At this half-neutralization point (where \([HA] = [A^-]\)), the pH equals the pKa. Thus, \(\text{pKa}_{2} = \text{pH} = 6.72\). This matches with Henderson-Hasselbalch principle that when the pH is equal to pKa, the molecule is exactly half-neutralized. The pKa of the second ionizable group is 6.72.

Key concepts

Titration

Titration is a useful analytical technique used to determine the concentration of an unknown solution. In our exercise, titration helps us figure out the \(( ext{p}K_a)\) of the second ionizable group of compound X. The process involves gradually adding a known solution, like NaOH, to react with a substance whose concentration needs to be measured. Key components of titration are:

• The \(\text{analyte}\)—the unknown solution, in this case, compound X.
• The \(\text{titrant}\)—a solution with known concentration, here being 0.1 M NaOH.
• The \(\text{equivalence point}\)—where the amount of titrant added neutralizes the solution completely.
• The \(\text{endpoint}\)—indicated by a pH change, pinpointing completion of the titration.

In the scenario presented, by observing the pH at which the second ionizable group of X is half-neutralized, we can deduce when enough NaOH has been added. This pH change is crucial as it is directly used to calculate the \(\text{p}K_a\) of the second ionizable group.

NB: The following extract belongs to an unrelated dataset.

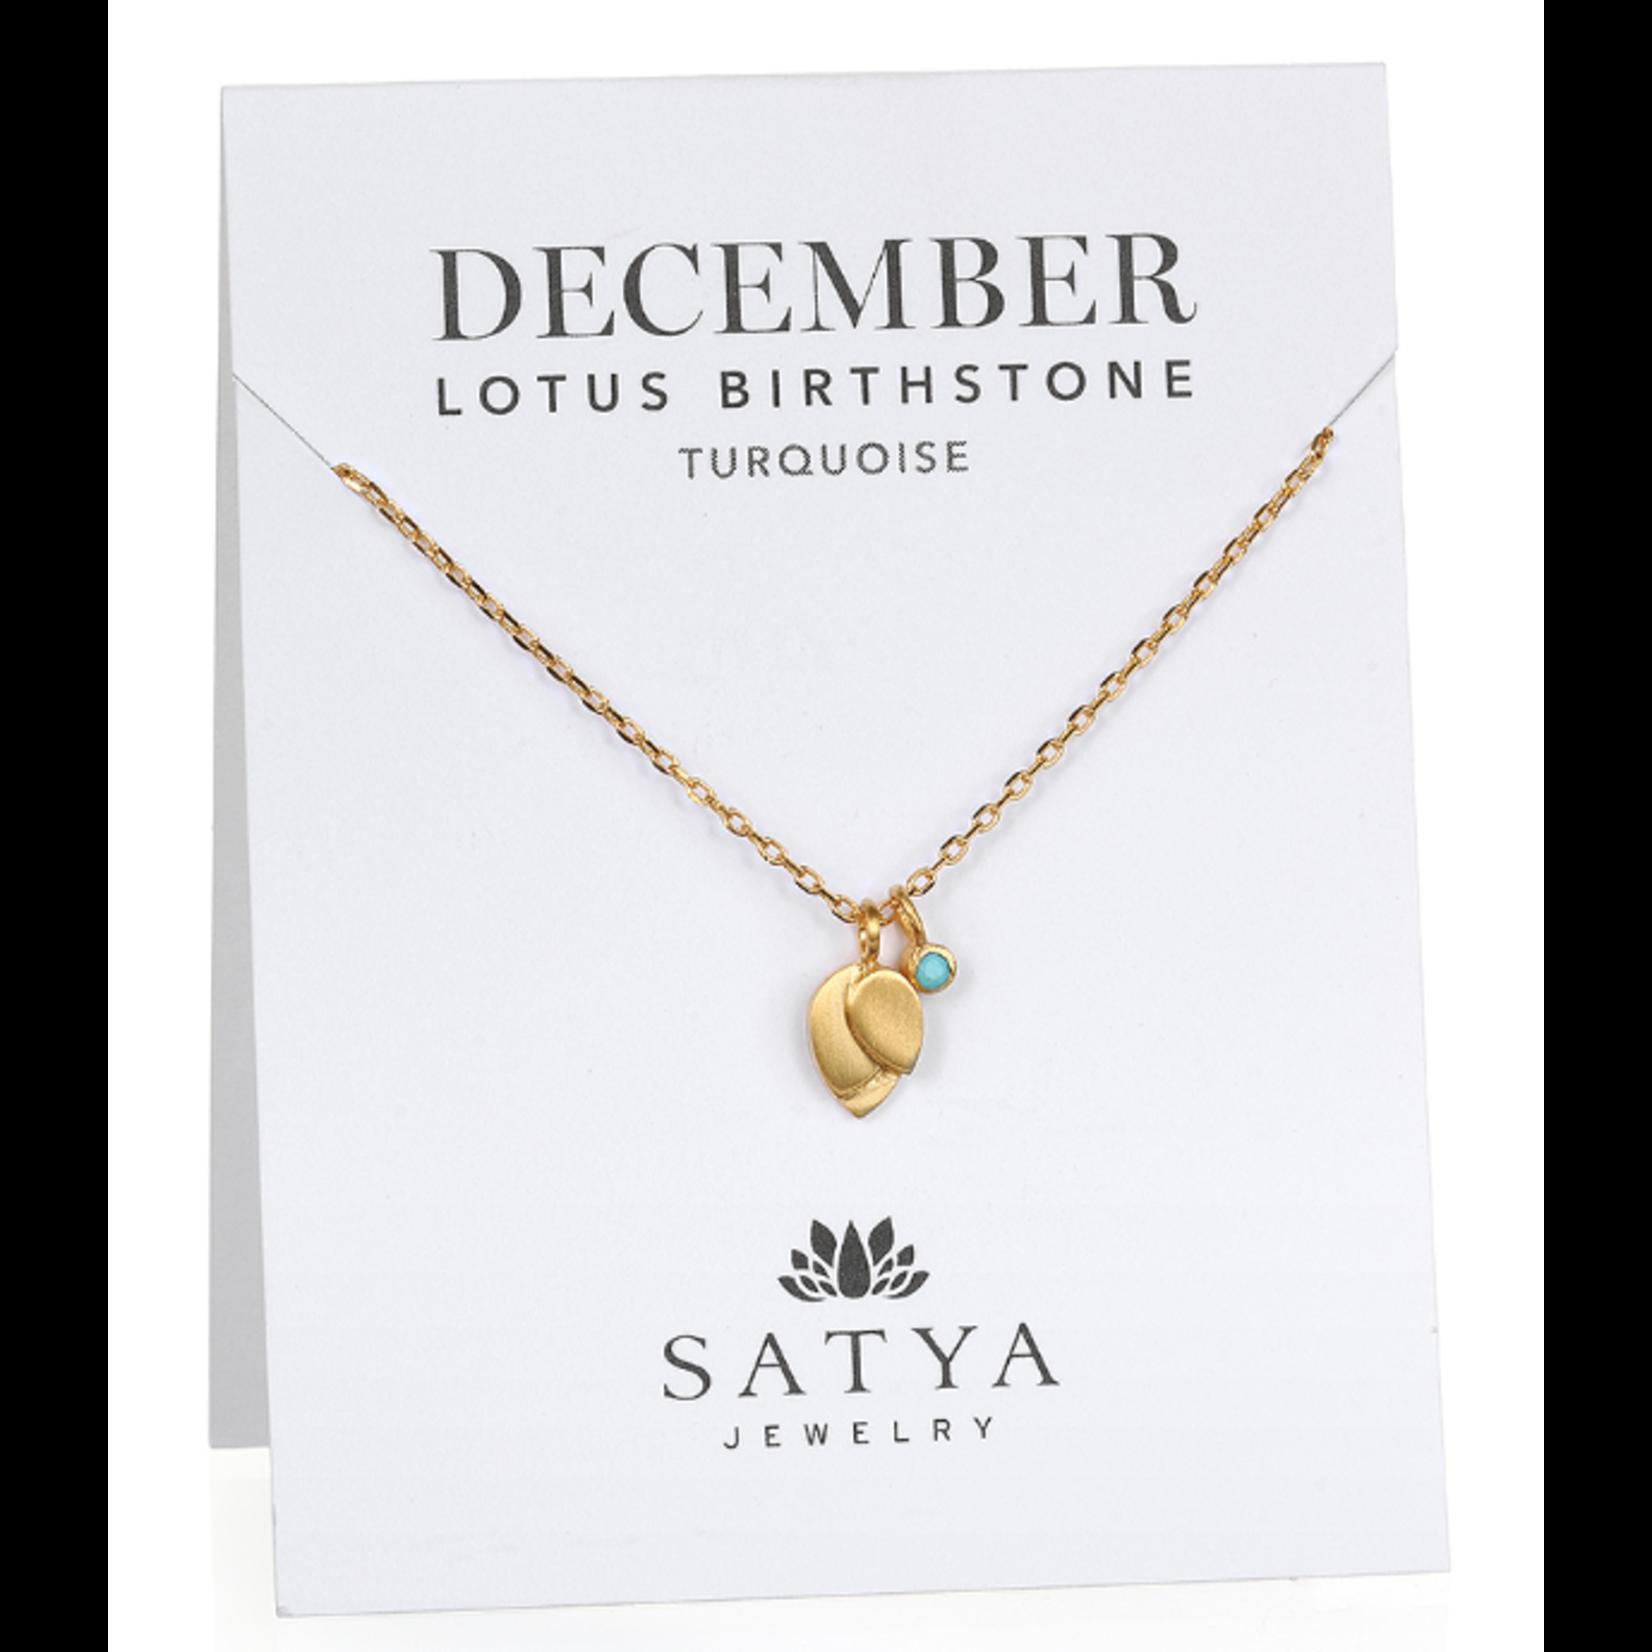 Satya Satya Lotus Leaf Birthstone Necklace- December - Turquoise

Henderson-Hasselbalch equation

The Henderson-Hasselbalch equation is central to calculating the \(\text{p}K_a\) from the titration data. It is expressed as: \[\text{pH} = \text{p}K_a + \log\left(\frac{[A^-]}{[HA]}\right)\]In this context, \(\text{pH}\) is the current pH of the solution, \(\text{p}K_a\) is the dissociation constant we aim to find, \(\left[ A^- \right]\) represents the concentration of the deprotonated form of the molecule, and \(\left[ HA \right]\) the protonated form.When the solution reaches half-neutralization, it signifies that the concentrations of \( [A^-] \) and \( [HA] \) are equal:\[\log\left(\frac{[A^-]}{[HA]}\right) = \log(1) = 0\]In this scenario, the equation simplifies to \(\text{pH} = \text{p}K_a\). The measured pH at this point directly gives the \(\text{p}K_a\) value. Thus, for our compound X, the pH measurement of 6.72 during the half-neutralization of its second ionizable group equates to its \(\text{p}K_a\). This demonstrates how helpful and straightforward this equation can be in lab calculations.

Ionizable groups

Ionizable groups in a molecule can significantly impact its chemical properties and reactivity. Each ionizable group has a specific \(\text{p}K_a\) value indicating the pH at which half of the molecules in a solution are deprotonated (or ionized).In compound X, we dealt with two ionizable groups:

• The \(\text{carboxyl group}\), which had a \(\text{p}K_a\) of 2.0.
• The \(\text{second ionizable group}\), which had an unknown \(\text{p}K_a\) until the titration revealed its value of 6.72.

Each ionizable group's \(\text{p}K_a\) helps predict how the molecule behaves in different pH conditions. At pH lower than the \(\text{p}K_a\), the group will usually be in its protonated form. At pH higher than the \(\text{p}K_a\), it will be primarily deprotonated.Understanding these ionizable groups in chemical analysis is key to evaluating not only the molecule's acidic or basic nature, but also its role in biological systems such as enzymatic reactions and cell signaling.